Translated by Lydia Holland
A Woman of Rome is a re-issue of the 1949 novel of the life of a woman in the streets of Rome. When we first meet Adriana, she is a poor sixteen-year-old, modelling for various artists.
One weekend two friends take her, along with the high official, Astarita, to a small fishing village. They eat, and then, with methodical scheming, get Adriana into bed with the police chief. On their journey home,
I felt Astarita's hand brush against mine and noticed he was trying to put something into it, a piece of paper, perhaps. I imagined that he had scribbled something to me because he did not dare to address me, but when I glanced down I saw that it was a banknote folded in four.
The insult implicit in this is mitigated immediately:
The feeling I experienced at that moment bewildered me and, no matter how or when I have received money from men since, I have never again experienced it so clearly and so intensely.
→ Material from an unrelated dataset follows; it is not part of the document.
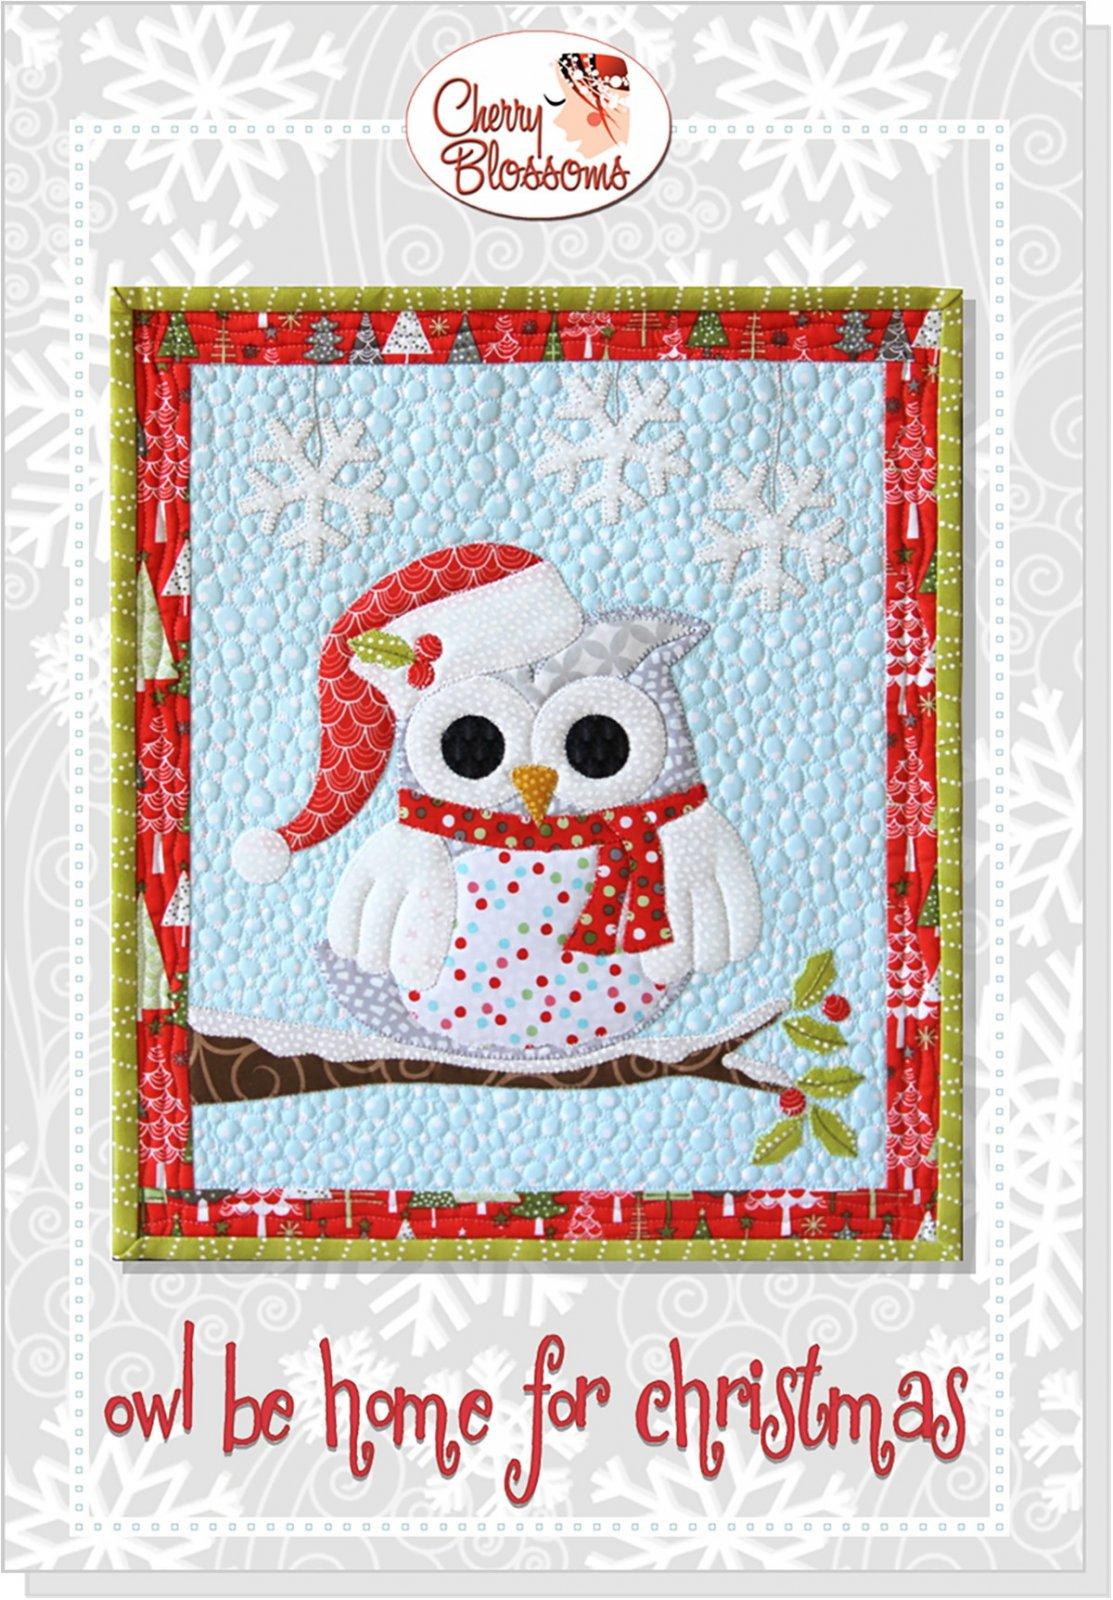 Owl be home for Christmas
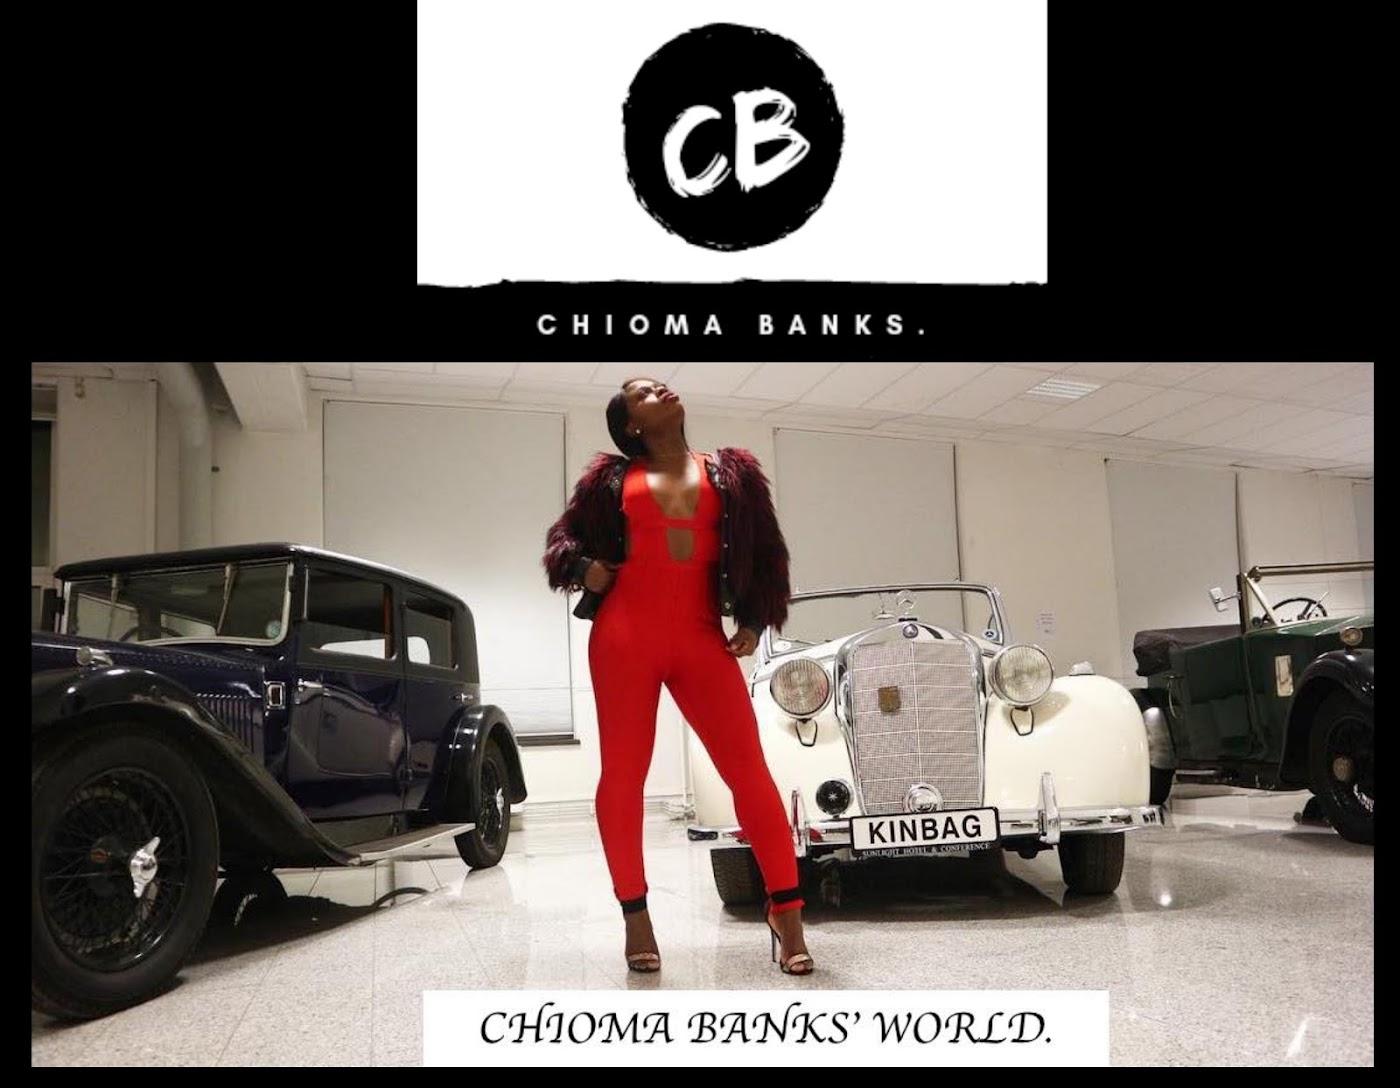 CHIOMA BANKS!

It was a feeling of complicity and sensual conspiracy such as none of Aristartia's caresses in the restaurant bedroom had been about to rouse in me. It was a feeling of inevitable subjection that showed me in a flash an aspect of my own nature I had ignored until then. I knew, of course, that I ought to refuse the money, but at the same time I wanted to accept. And not so much from greed, as from the new kind of pleasure that this offering had afforded me.
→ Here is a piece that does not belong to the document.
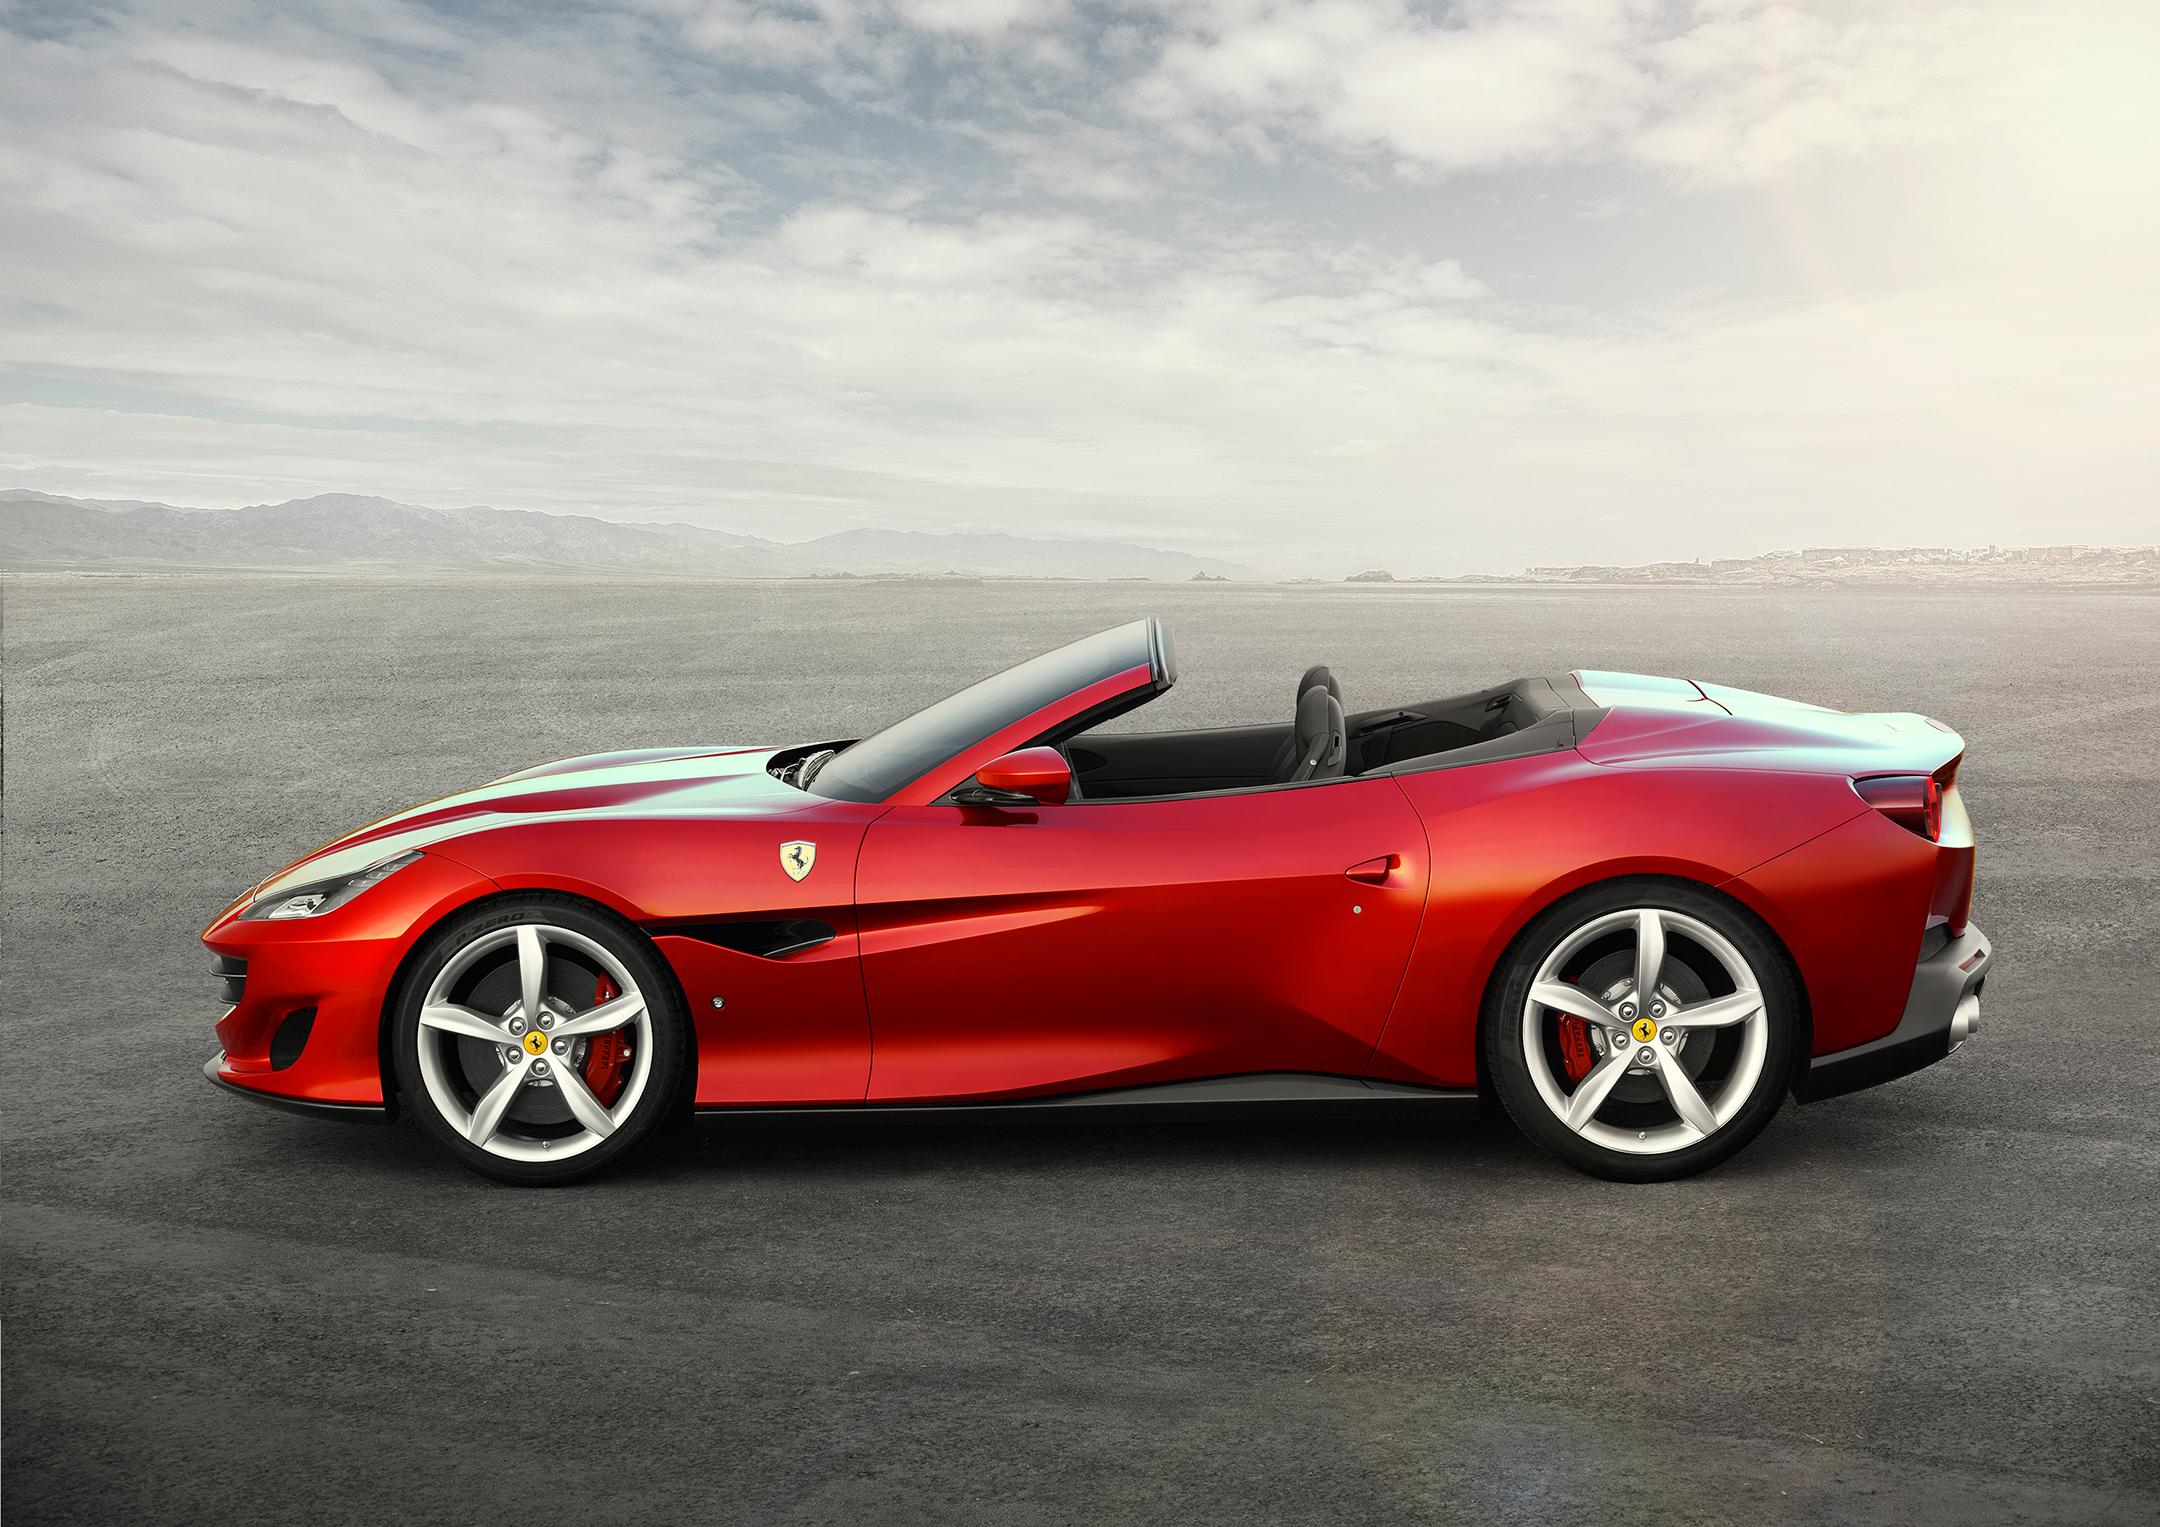 Ferrari Portofino - 2017 - cabriolet - open top - side-face / profil - toit ouvert

Moravia places not only money but the sensual pleasure of money into the hands of a girl who --- heretofore --- had lived off the pittance she made modelling:
I slipped the note from my right hand into my left. I felt strangely thrilled, my face was burning and my breathing labored. If Astarita had been capable of guessing my feelings at that moment, he might have imagined I loved him. Nothing could have been further from the truth.
§ § §
This is the beginning, and quickly Adriana develops a sensuality designed to please her clients. But it is one that carries her beyond the usual passion in bed, into a lovemaking which, at times, can subsume a whole room:
The floor was covered with rugs and in the middle of the room stood the table with the carafe. I stretched myself out on the rugs, my head and breasts under the table; then I pulled Mino down by one arm, forcing him to lie reluctantly on top of me. I threw my head back, shutting my eyes, and the ancient smell of dust and fluff in the carpet seemed as sweet and intoxicating as if I were lying in a field in springtime and the smell was the scent of flowers and grass, not dirty wool.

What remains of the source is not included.